* **Instructions to follow**
Restate all data exactly. No images.

[Opening Data segment section]

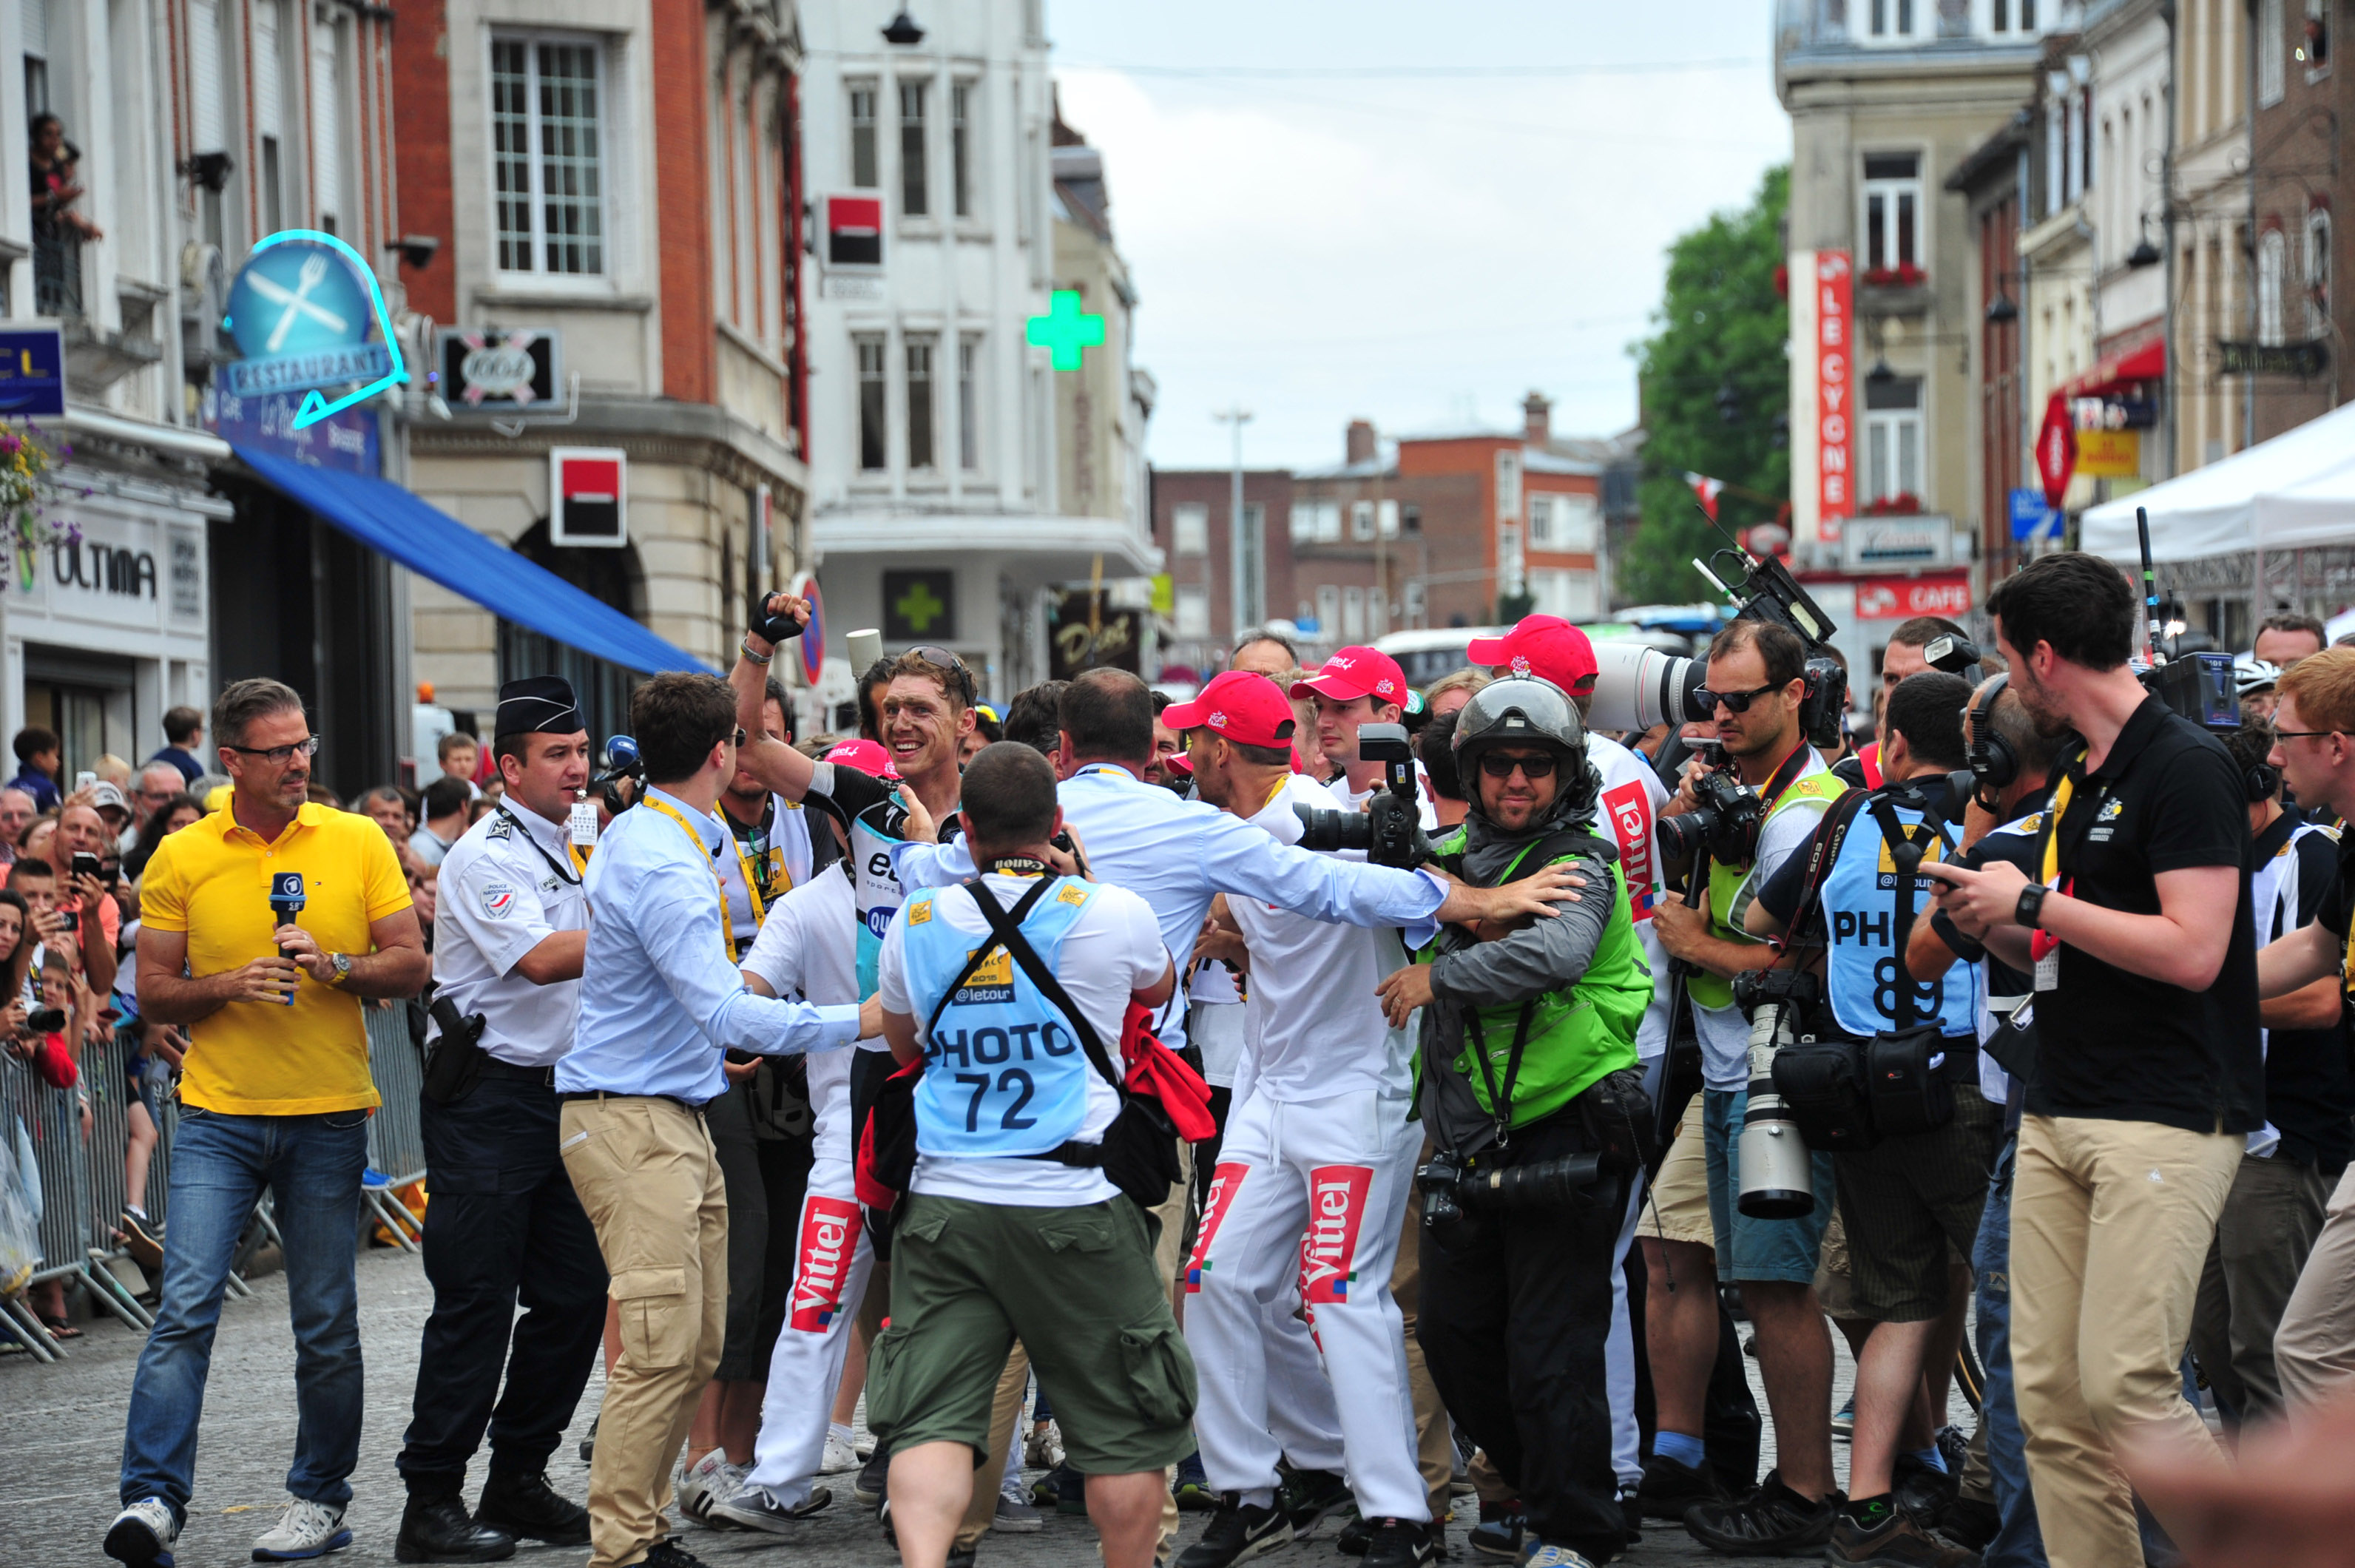 Umjubelter Tony Martin nach der 4. Etappe der Tour de France 2015. (pic: Sirotti)
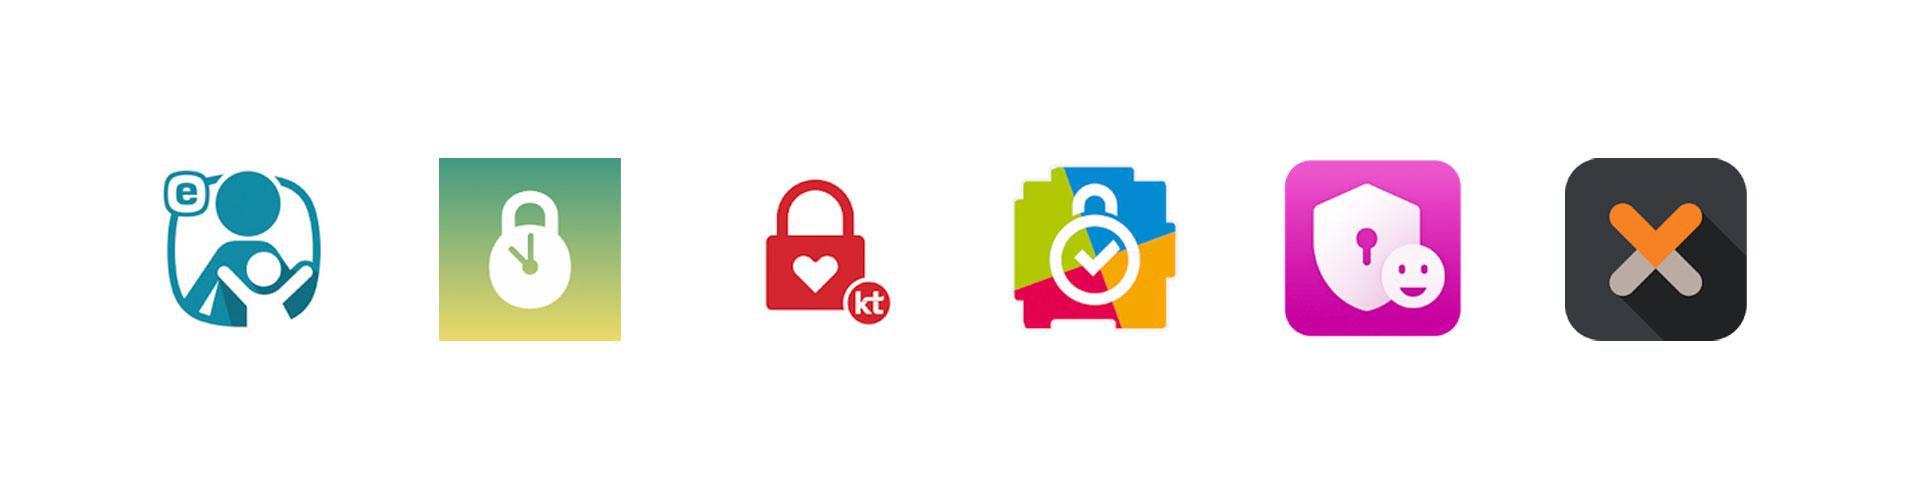 skt, 키즈, 시간관리, 사용관리앱
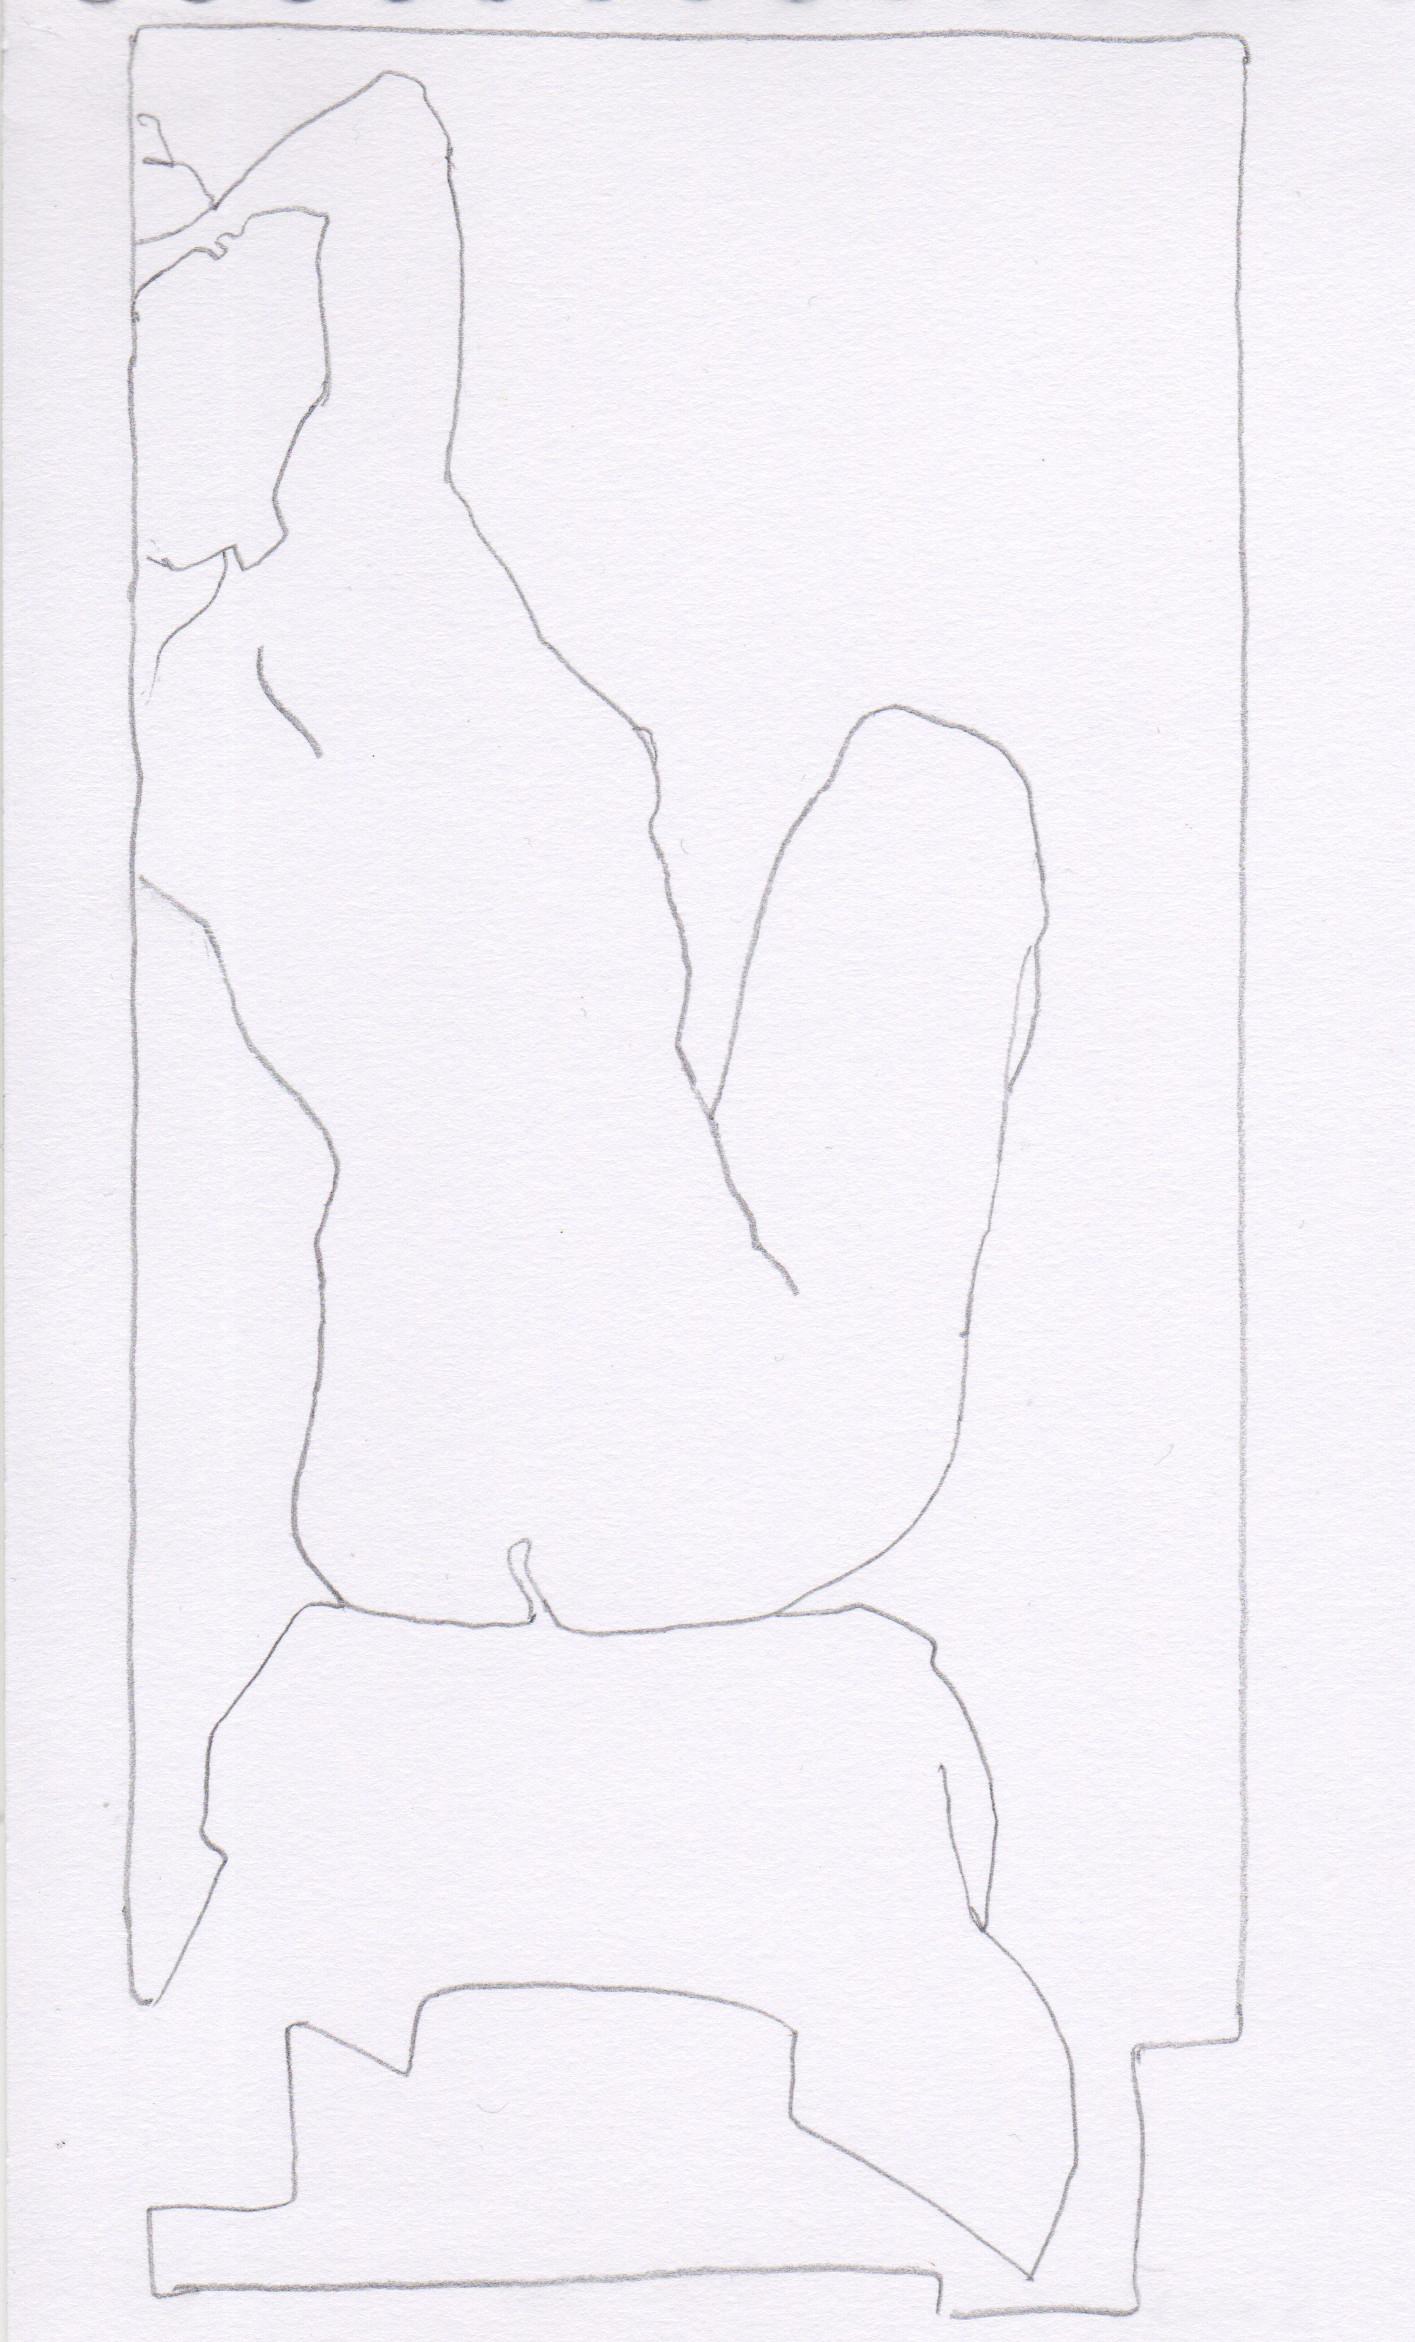 2015_Sketch_F-Beudin_04

[Closing Data segment section]

* **Response to this exercise**
 Umjubelter Tony Martin nach der 4. Etappe der Tour de France 2015. (pic: Sirotti)
 skt, 키즈, 시간관리, 사용관리앱
 2015_Sketch_F-Beudin_04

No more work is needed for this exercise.